The processor circuitry 1112 may be implemented by one or more
semiconductor based (e.g., silicon based) devices. In this example,
the processor circuitry 1112 implements the network interface
circuitry 902, the user intent identifier circuitry 904, the object
inserter circuitry 906, the label inserter circuitry 908, the audio
modification circuitry 910, and/or the user interface circuitry
912.
[0155] The processor circuitry 1112 of the illustrated example
includes a local memory 1113 (e.g., a cache, registers, etc.). The
processor circuitry 1112 of the illustrated example is in
communication with a main memory including a volatile memory 1114
and a non-volatile memory 1116 by a bus 1118. The volatile memory
1114 may be implemented by Synchronous Dynamic Random Access Memory
(SDRAM), Dynamic Random Access Memory (DRAM), RAMBUS.RTM. Dynamic
Random Access Memory (RDRAM.RTM.), and/or any other type of RAM
device. The non-volatile memory 1116 may be implemented by flash
memory and/or any other desired type of memory device. Access to
the main memory 1114, 1116 of the illustrated example is controlled
by a memory controller 1117.
[0156] The processor platform 1100 of the illustrated example also
includes interface circuitry 1120. The interface circuitry 1120 may
be implemented by hardware in accordance with any type of interface
standard, such as an Ethernet interface, a universal serial bus
(USB) interface, a Bluetooth.RTM. interface, a near field
communication (NFC) interface, a Peripheral Component Interconnect
(PCI) interface, and/or a Peripheral Component Interconnect Express
(PCIe) interface.
[0157] In the illustrated example, one or more input devices 1122
are connected to the interface circuitry 1120. The input device(s)
1122 permit(s) a user to enter data and/or commands into the
processor circuitry 1120. The input device(s) 422 can be
implemented by, for example, an audio sensor, a microphone, a
camera (still or video), a keyboard, a button, a mouse, a
touchscreen, a track-pad, a trackball, an isopoint device, and/or a
voice recognition system.
[0158] One or more output devices 1124 are also connected to the
interface circuitry 1120 of the illustrated example.
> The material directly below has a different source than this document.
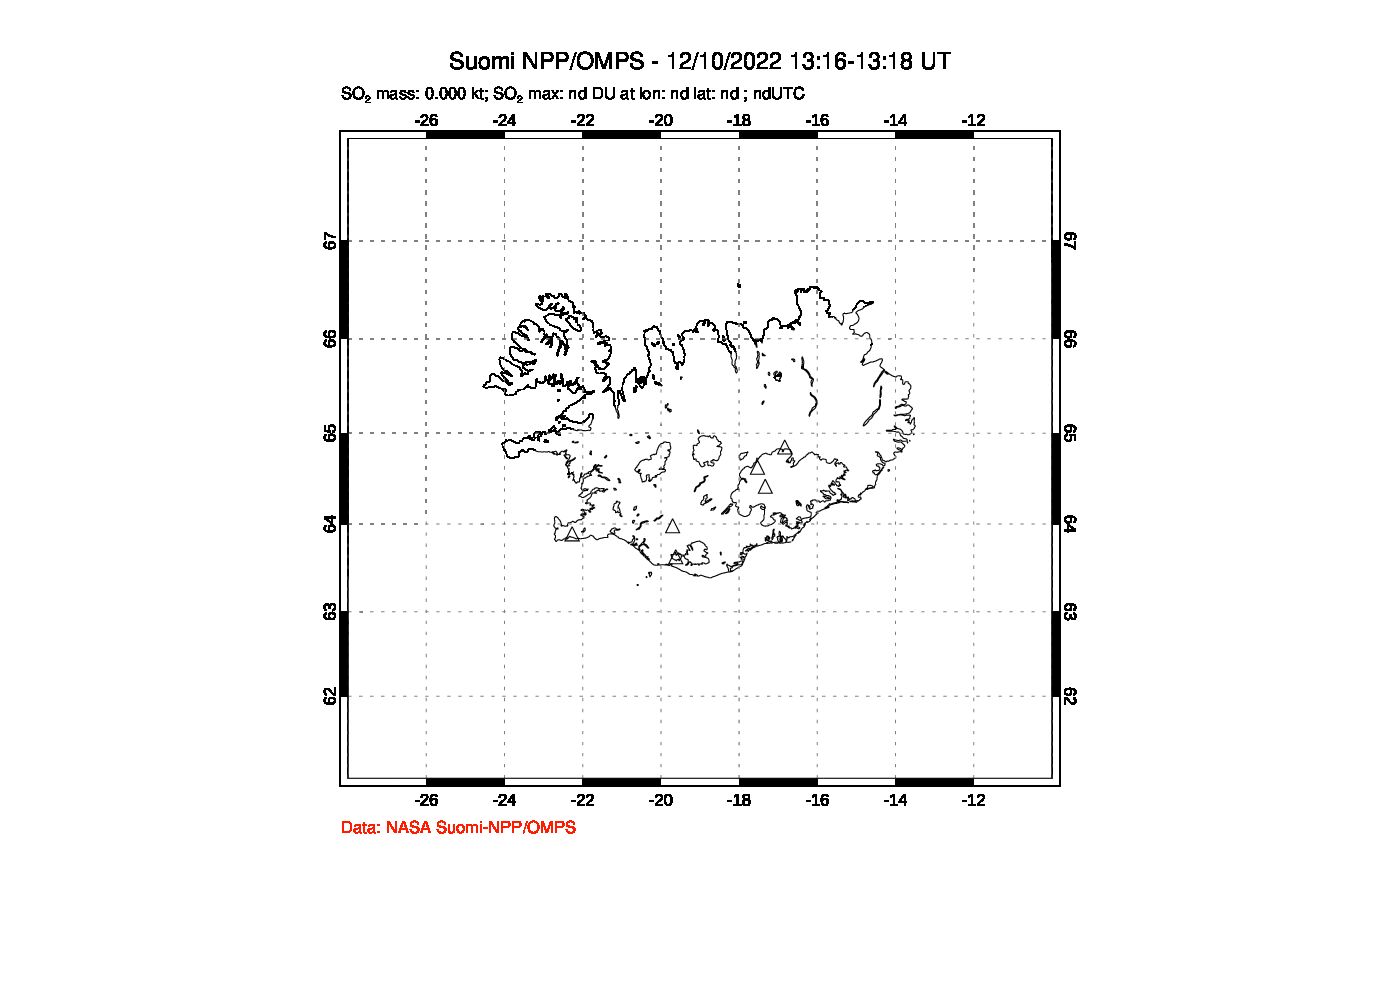 A sulfur dioxide image over Iceland on Dec 10, 2022.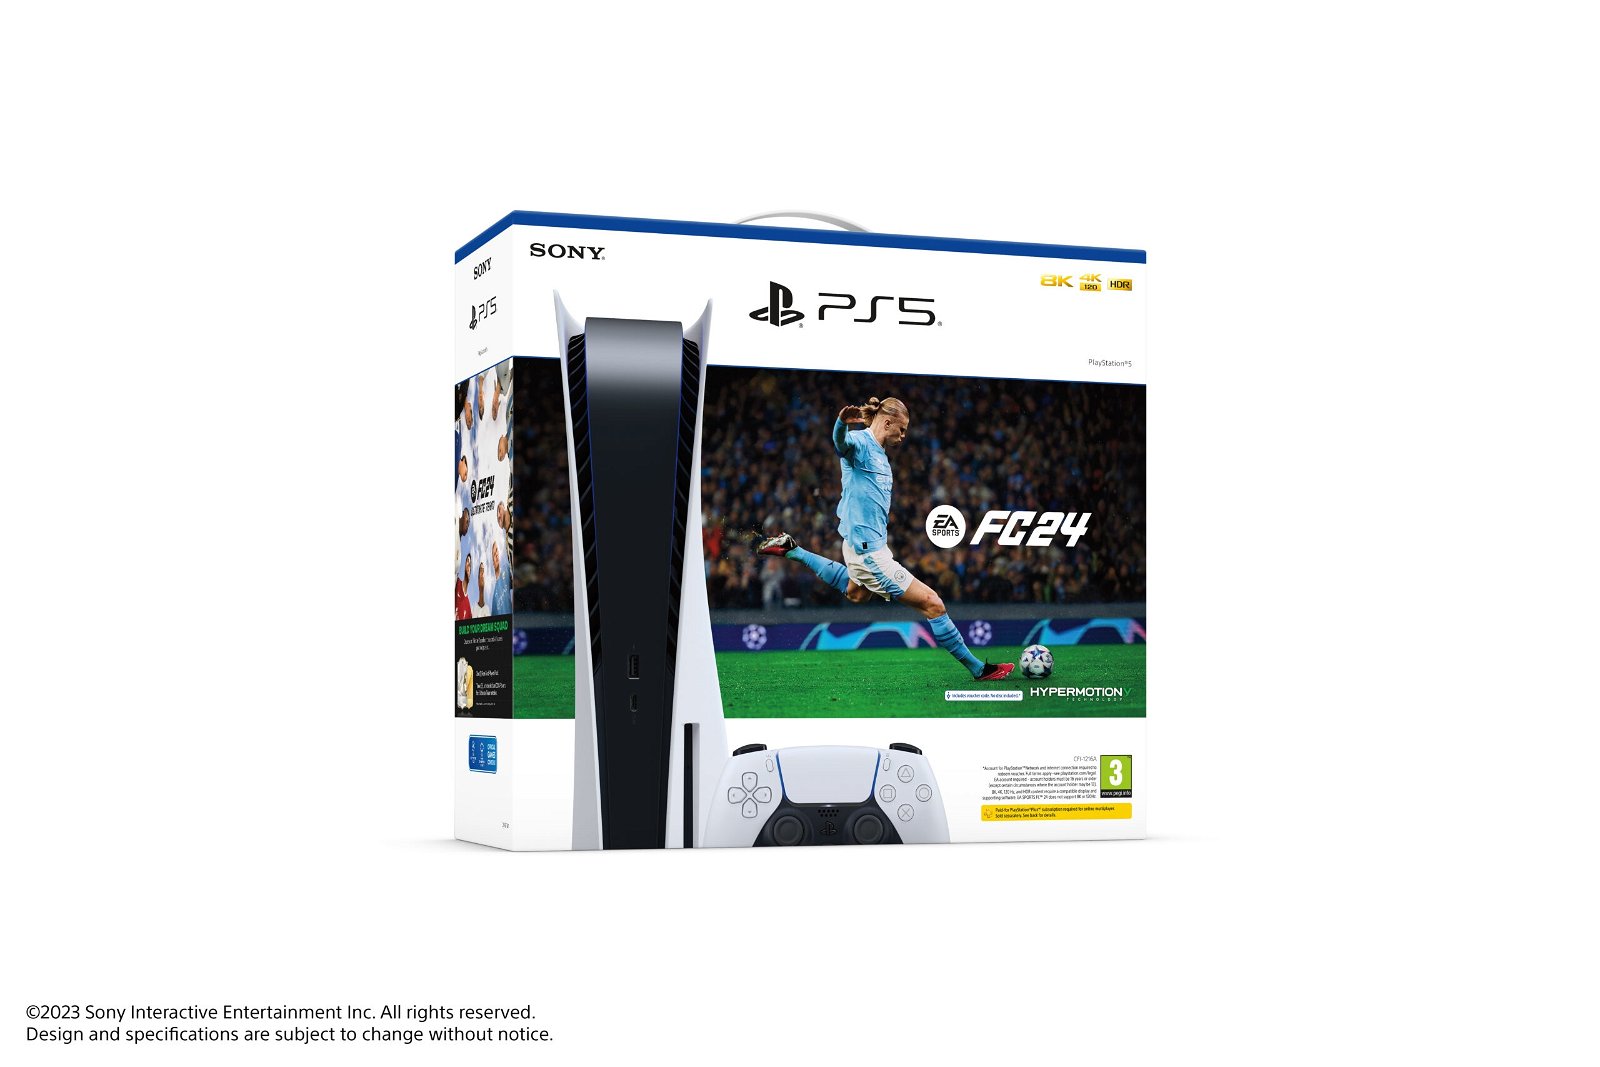 PS5 presenta un pack junto a EA Sports FC 24 que llegará el 29 de

The output
device(s) 1124 can be implemented, for example, by display devices
(e.g., a light emitting diode (LED), an organic light emitting
diode (OLED), a liquid crystal display (LCD), a cathode ray tube
(CRT) display, an in-place switching (IPS) display, a touchscreen,
etc.), a tactile output device, a printer, and/or speaker. The
interface circuitry 1120 of the illustrated example, thus,
typically includes a graphics driver card, a graphics driver chip,
and/or graphics processor circuitry such as a GPU.
[0159] The interface circuitry 1120 of the illustrated example also
includes a communication device such as a transmitter, a receiver,
a transceiver, a modem, a residential gateway, a wireless access
point, and/or a network interface to facilitate exchange of data
with external machines (e.g., computing devices of any kind) by a
network 1126. The communication can be by, for example, an Ethernet
connection, a digital subscriber line (DSL) connection, a telephone
line connection, a coaxial cable system, a satellite system, a
line-of-site wireless system, a cellular telephone system, an
optical connection, etc.
[0160] The processor platform 1100 of the illustrated example also
includes one or more mass storage devices 1128 to store software
and/or data. Examples of such mass storage devices 1128 include
magnetic storage devices, optical storage devices, floppy disk
drives, HDDs, CDs, Blu-ray disk drives, redundant array of
independent disks (RAID) systems, solid state storage devices such
as flash memory devices and/or SSDs, and DVD drives.
[0161] The machine executable instructions 1132, which may be
implemented by the machine readable instruction of FIG. 10, may be
stored in the mass storage device 1128, in the volatile memory
1114, in the non-volatile memory 1116, and/or on a removable
non-transitory computer readable storage medium such as a CD or
DVD.
[0162] FIG. 12 is a block diagram of an example processor platform
1200 structured to execute and/or instantiate the machine readable
instructions and/or the operations of FIG. 5 to implement the
content metadata controller 114 of FIGS. 1 and 2. The processor
platform 1200 can be, for example, a server, a personal computer, a
workstation, a self-learning machine (e.g., a neural network), a
mobile device (e.g., a cell phone, a smart phone, a tablet such as
an iPad), a personal digital assistant (PDA), an Internet
appliance, a DVD player, a CD player, a digital video recorder, a
Blu-ray player, a gaming console, a headset (e.g., an augmented
reality (AR) headset, a virtual reality (VR) headset, etc.) or
other wearable device, or any other type of computing device.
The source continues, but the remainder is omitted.